Member of the Washington State Senate from the 33rd district
- In office June 1977 – December 9, 1977
- Preceded by: John E. Cunningham
- Succeeded by: Eleanor Lee

Member of the Washington House of Representatives from the 33rd district
- In office December 9, 1977 – February 18, 1980
- Preceded by: Eleanor Lee
- Succeeded by: Russell Austin

Personal details
- Party: Republican

= Eric Rohrbach =

American politician

Eric J. Rohrbach is an American politician from Washington state. He was a Republican member of the Washington House of Representatives, representing the 33rd legislative district.

He was appointed to the Washington Senate in June 1977 to fill the seat of John E. Cunningham, following Cunningham's election to the United States Congress and resignation from the Washington Senate.
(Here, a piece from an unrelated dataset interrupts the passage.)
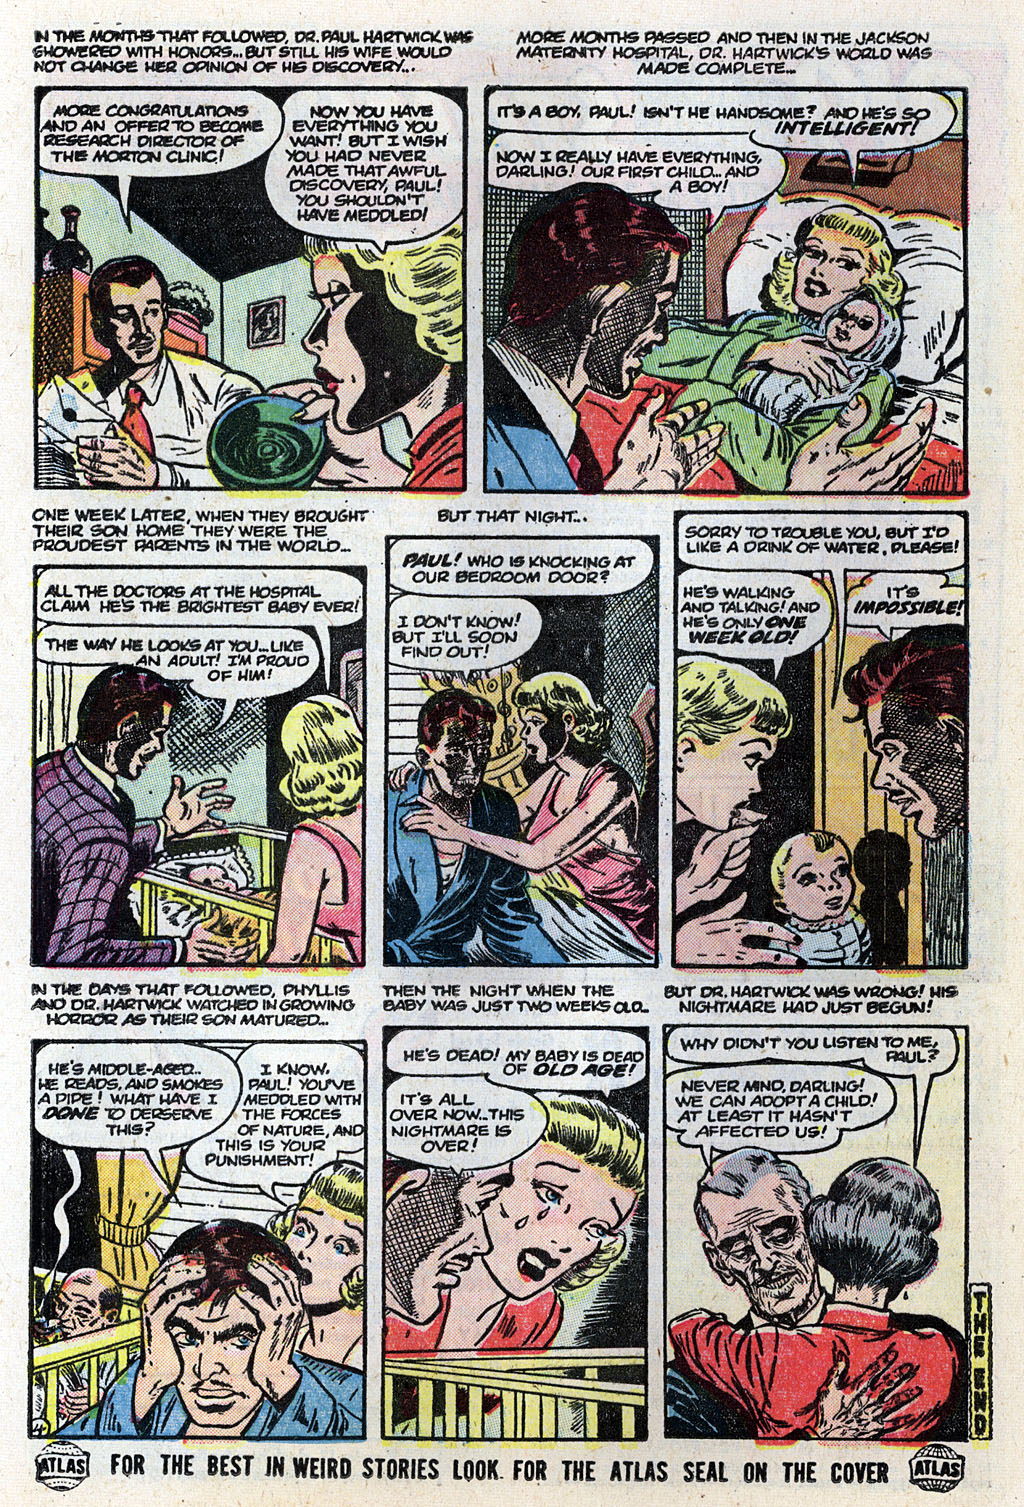 Marvel Tales (1949) 128 Page 19

He was appointed to the Washington House of Representatives on December 9, 1977, to serve the unexpired term of Eleanor Lee after she was elected to the Washington Senate in November 1977.

He was elected in the November 1978 General Election.

He received 8,077 votes, or 50.29% of the total, against 7,985 (49.71%) received by Democratic candidate Lorraine Hine.

Rohrbach, who was then 27 and co-chair of the House Insurance Committee, resigned on February 18, 1980. Following Rohrbach's resignation, Russell A. Austin, Jr. was appointed on
February 20, 1980, to serve the unexpired term.